Ex-líder do Partido dos Trabalhadores (PT) na Câmara, o deputado federal Lindbergh Farias (RJ), protocolou nesta terça-feira, 18, representação no Tribunal Superior Eleitoral (TSE) contra o ex-ministro do Turismo Gilson Machado Neto (Podemos-PE) e o senador Flávio Bolsonaro (PL-RJ) por suposta prática de propaganda eleitoral antecipada.
Na ação, com pedido de liminar, o parlamentar cita vídeo publicado por Gilson nas redes sociais, no qual aparece afixando adesivos com a frase “O Nordeste está com Flávio Bolsonaro 2026”, acompanhada da imagem do senador. Durante a gravação, segundo a representação, o ex-ministro afirma: “Vou eleger o homem. Nosso presidente”.
“A mensagem veiculada não deixa margem a dúvida quanto ao seu objetivo: promover, perante o eleitorado, a futura candidatura do segundo representado à Presidência da República, associando seu nome, imagem e identidade política ao pleito eleitoral vindouro”, argumenta Lindbergh na peça.
O deputado ainda afirma que o ato “transcende esfera abstrata do debate político e materializa verdadeira ação de campanha eleitoral” por meio da distribuição de adesivos e da ampla divulgação nas redes.
Procurados, Gilson Machado Neto e Flávio Bolsonaro não se manifestaram. O espaço segue aberto.
O parlamentar pede ao TSE urgência para a remoção, em até 24 horas, de todo o conteúdo considerado irregular, a proibição de novas divulgações do material e a fixação de multa diária mínima de R$ 10 mil em caso de descumprimento. No mérito, pede o reconhecimento da prática de propaganda antecipada, com aplicação de multa individual aos dois representados.
A representação também solicita o envio do caso ao Ministério Público Eleitoral (MPE) para apuração de eventual abuso de poder político e uso indevido dos meios de comunicação. O deputado sustenta que, por se tratar de ex-ministro de Estado e aliado político direto do senador, a conduta teria potencial de influenciar o eleitorado e desequilibrar a disputa antes do período permitido para propaganda eleitoral.
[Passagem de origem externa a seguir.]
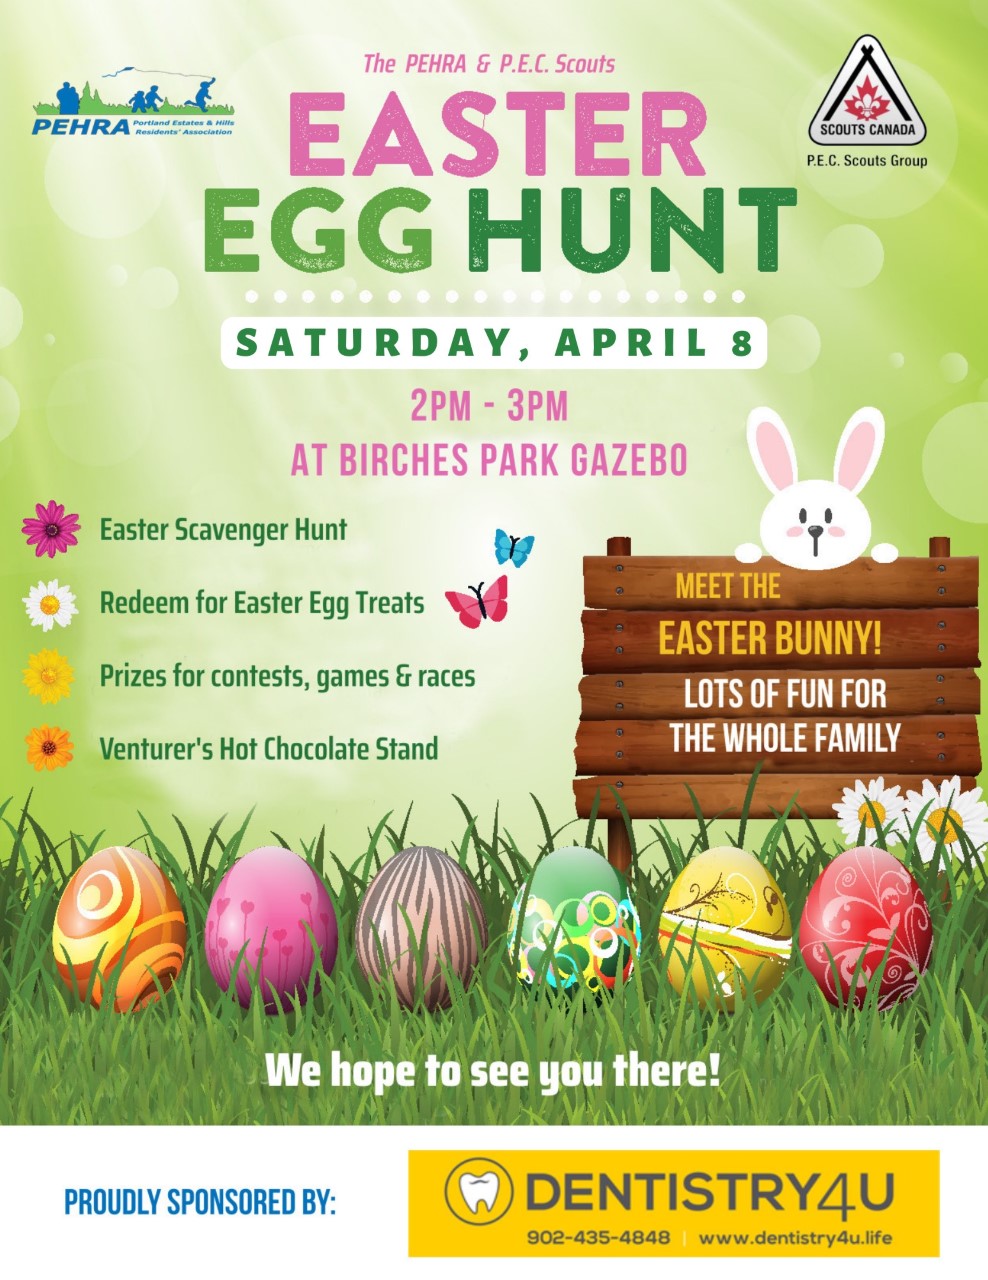 Egg hunt poster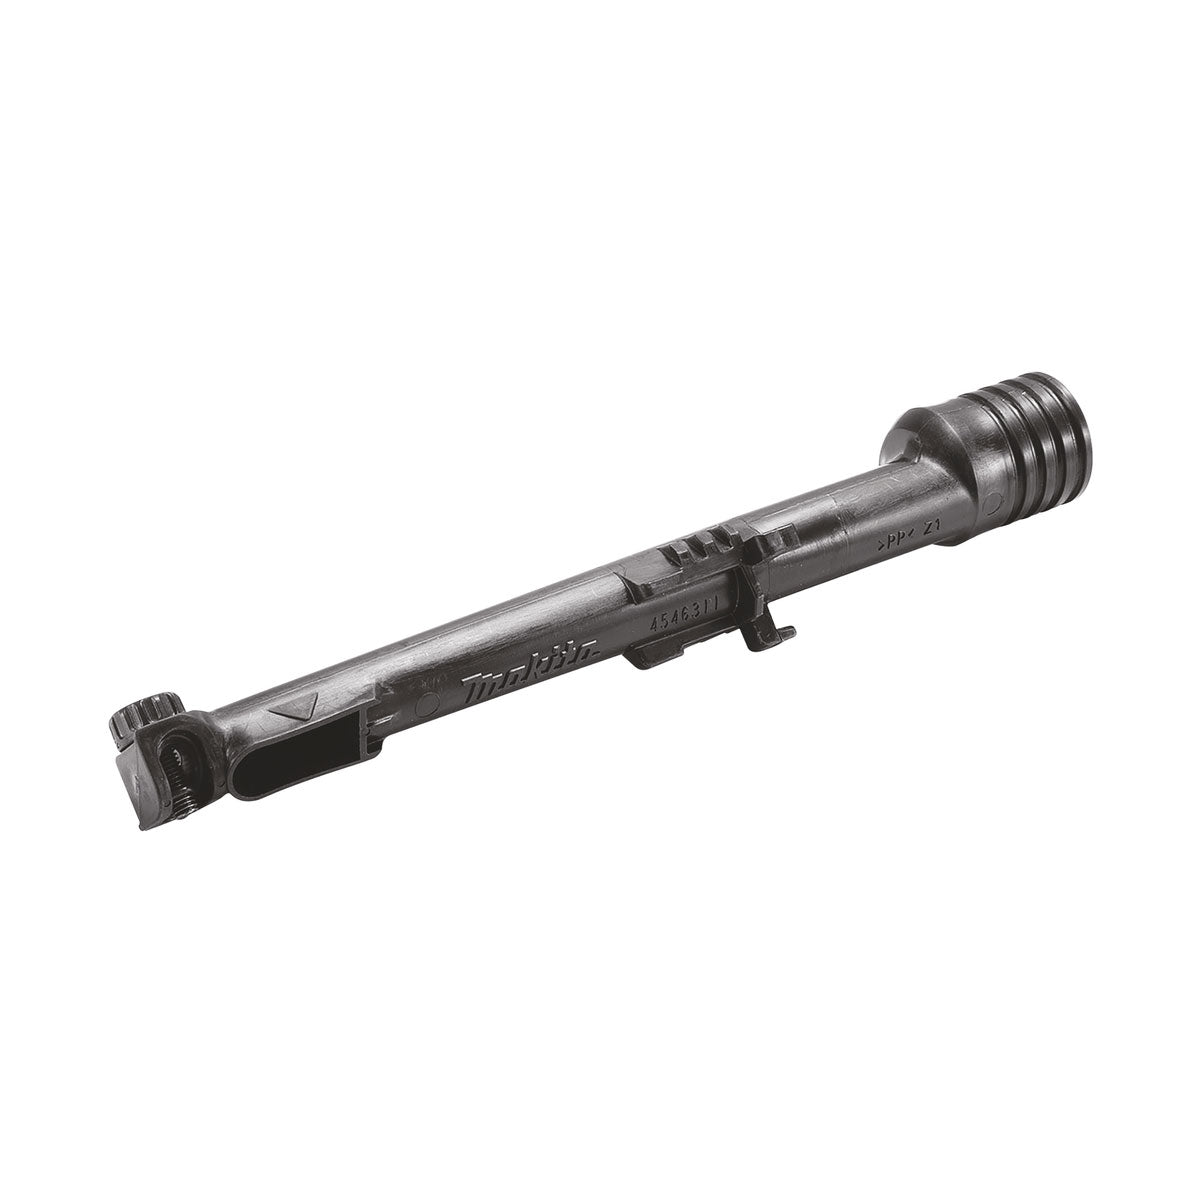 Makita 126331-0 Dust Nozzle Assembly 23/28mm For DJV181 & DJV182

Ex-ministro sanfoneiro filia-se ao Podemos
Gilson Machado Neto oficializou na última sexta-feira, 13, sua filiação ao Podemos e fez críticas à antiga sigla, o Partido Liberal (PL). Durante discurso no evento de filiação, afirmou que “a direita não tem dono”, em referência ao PL. Segundo ele, recebeu “carta branca” do Podemos para apoiar a campanha de Flávio Bolsonaro à Presidência.
Quando anunciou sua desfiliação do PL, em janeiro, Machado havia afirmado que seguiria na disputa por uma vaga no Senado por Pernambuco. Como mostrou o Estadão, o PL vivia uma disputa interna entre o presidente estadual da legenda, Anderson Ferreira, e Gilson Machado para definir quem seria o candidato ao Senado. Com a saída de Machado, o dirigente partidário deve ser o escolhido.
Gilson Machado é aliado próximo do ex-presidente Jair Bolsonaro, de quem se aproximou ainda em 2018. Foi secretário do Ministério do Meio Ambiente durante a gestão do ex-presidente e, em maio de 2019, foi indicado para a presidência da Embratur, ficando à frente da estatal por mais de um ano.
Machado ganhou destaque por aparecer tocando sanfona em lives de Bolsonaro durante a pandemia de covid-19. O ex-ministro é sanfoneiro, já gravou com nomes como Zé Ramalho e atua na banda Brucelose até hoje. Ele também já deu aulas do instrumento para Bolsonaro. Em dezembro de 2020, foi remanejado para o Ministério do Turismo.